In addition to the ESO facility in Chile, the HARPS team has collaborated with other institutions to create a northern hemisphere equivalent called HARPS-N. In 2012, installation of a HARPS spectrograph was completed on the Italian 3.58-meter Telescopio Nazionale Galileo (TNG) located at the Roque de los Muchachos Observatory on the island of La Palma in Spain’s Canary Islands. Since its activation, this facility has been used for the HADES RV program (HARPS-N Red Dwarf Exoplanet Survey Radial Velocity) as part of a collaboration between the Italian Global Architecture of Planetary Systems (GAPS) consortium, the Institut de Ciències de l’Espai de Catalunya (ICE), and the Instituto de Astrofísica de Canarias (IAC). The radial velocities of over six dozen late K and early M-type stars are being monitored looking for the presence of variations indicating the presence of orbiting exoplanets.

View of the 3.57-meter Telescopio Nazionale Galileo (TNG) at the Roque de los Muchachos Observatory in the Canary Islands employed by HARPS-N for the HADES RV program. (INAF)

In 2016, HARPS-N scored its first discoveries – a pair of super-Earth size exoplanets orbiting the nearby red dwarf GJ 3998. On May 18, 2017, the HADES RV program announced its next find described by the title of its discovery paper with Alejandro Suárez Mascareño (Observatoire de Genève) as the lead author: “A super-Earth on the inner edge of the habitable zone of the nearby M-dwarf GJ 625”. So, how does this claim for this new nearby exoplanet bear up under closer scrutiny?

 

Background

GJ 625 is a V-magnitude 10.17 star located in the northern constellation of Draco – The Dragon. The star was first charted by the Catania Observatory in Sicily during the early 20th century as part of the Astrographic Catalog: a decades-long international astronomical project organized in 1887 where 20 observatories around the globe measured the brightness and positions of millions of stars down to the 11th or 12th magnitude using photographic telescopes of a standardized design.

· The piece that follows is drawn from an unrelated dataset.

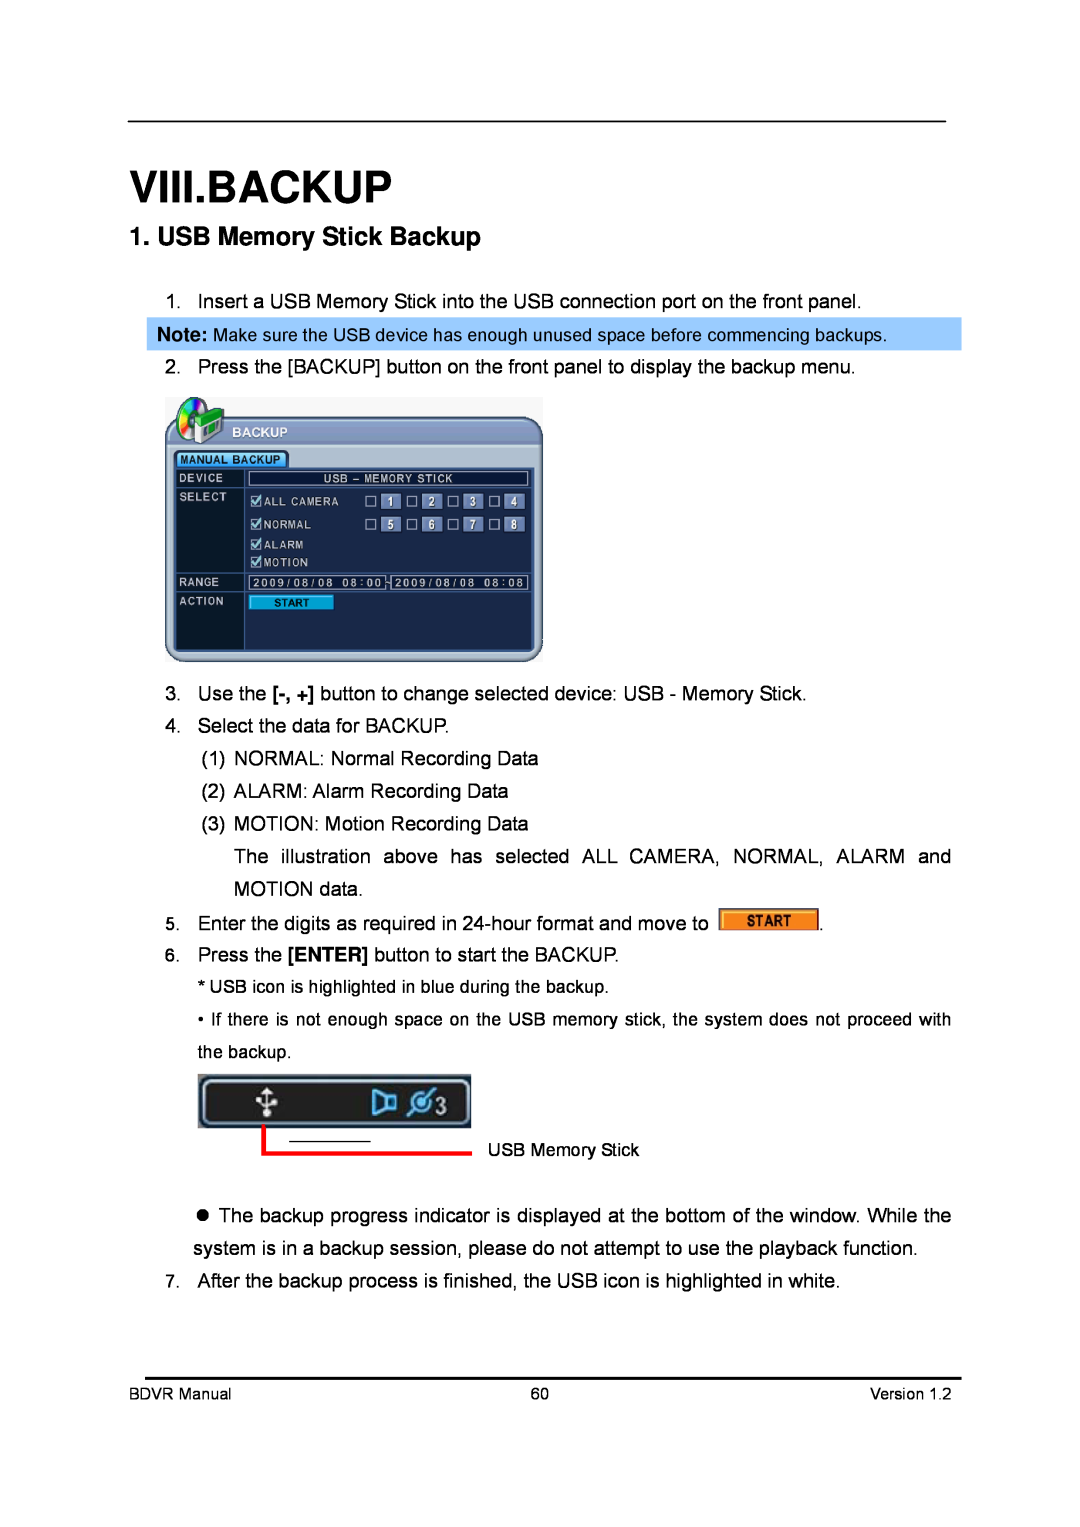 Genie BDVR-16, BDVR-8, BDVR-4 manual Viii.Backup, USB Memory Stick Backup

In recent decades, GJ 625 has frequently gone by the designation of AC +54° 1646-56 found in that catalog.

An engraving from 1894 showing the telescope used at the Catania Observatory in Sicily which first recorded GJ 625 for the Astrographic Catalog.

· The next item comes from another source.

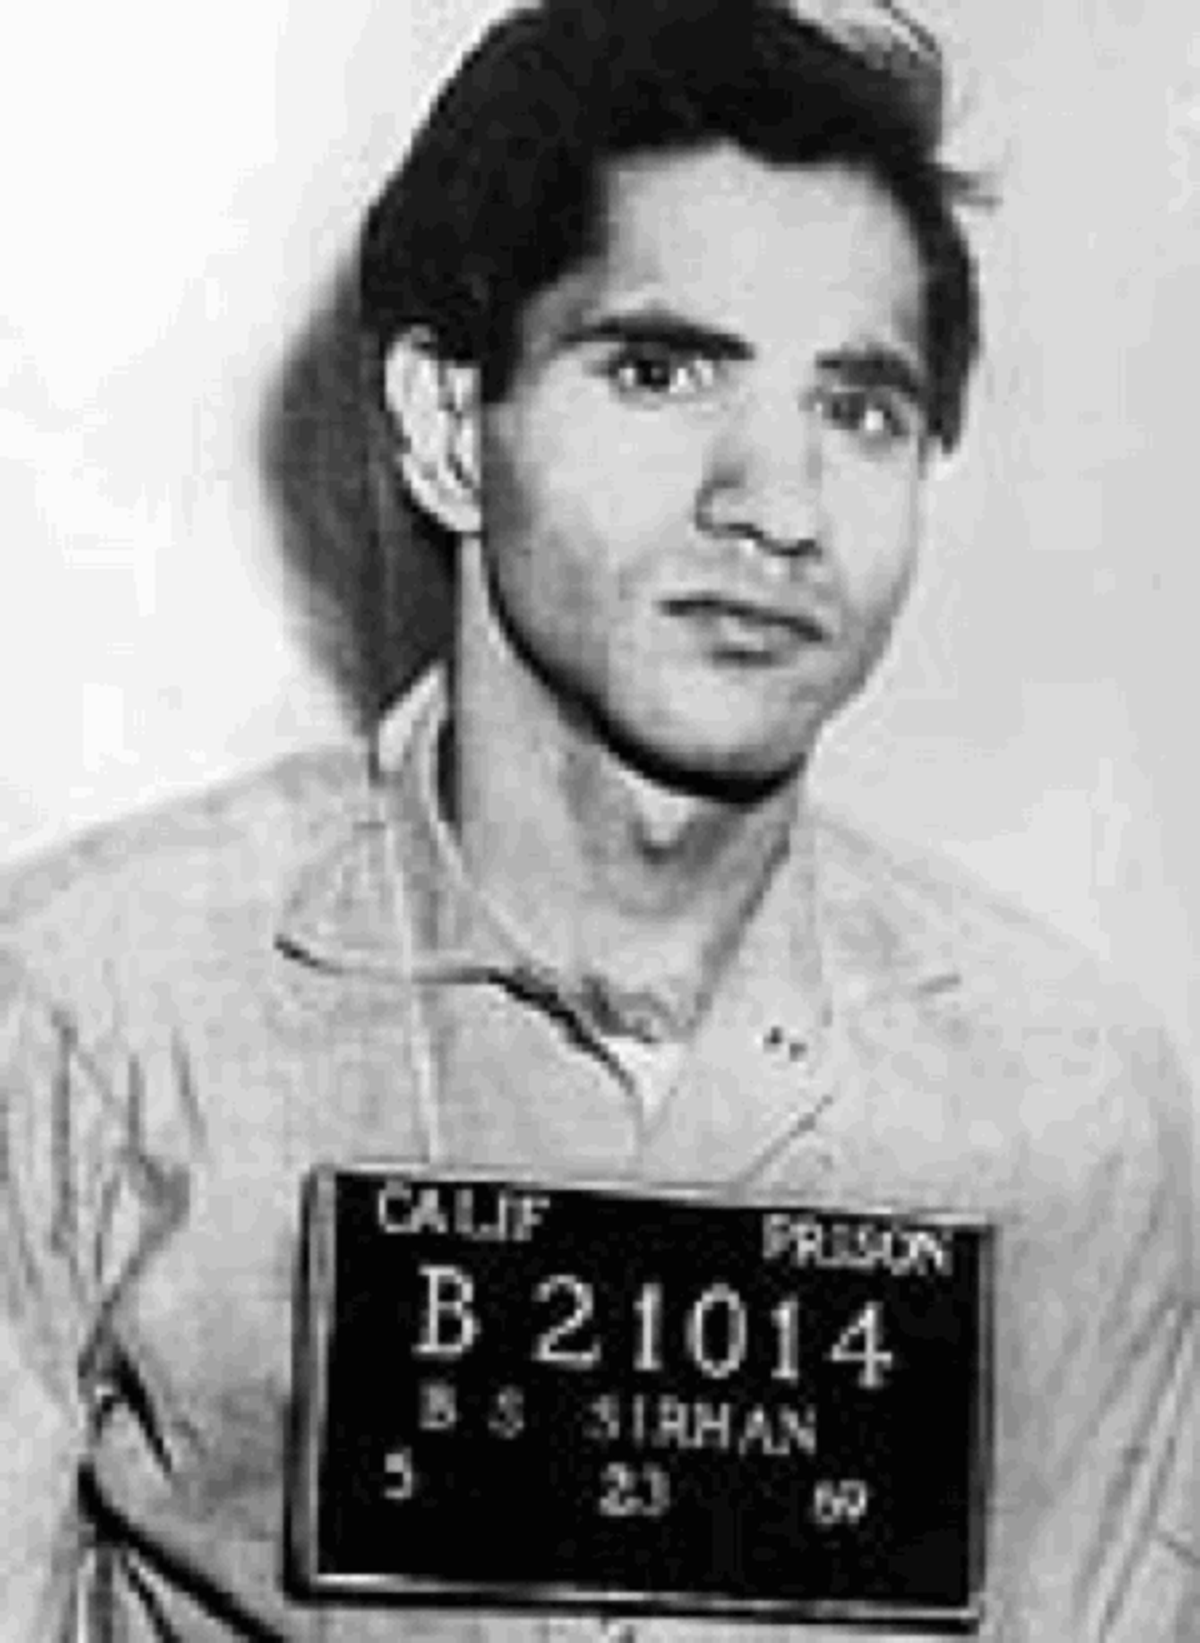 Mugshot of Sirhan Bishara Sirhan taken after his arrest for assassinating Robert F. Kennedy in 1968

It was Russian-American astronomer Alexander Vyssotsky (1888-1973) of the University of Virginia’s McCormick Observatory who, in 1956, published the first measurement of this star’s proper motion and determined that it was a spectral type M2 red dwarf star. Based on spectrophotometric measurements, it was also realized that this star was relatively nearby at a roughly estimated distance of around 47 light years earning it a place in the first edition of the Gliese Catalogue of Nearby Stars in 1957 and its designation of GJ 625 after the creator of the catalog, German astronomer Wilhelm Gliese (1915-1993), and his collaborator on later editions, Hartmut Jahreiß. The initial trigonometric parallax measurement from the ESA Gaia mission published in 2016 much more accurately places GJ 625 at a distance of 21.2±0.1 light years firmly establishing it among the closest stars known.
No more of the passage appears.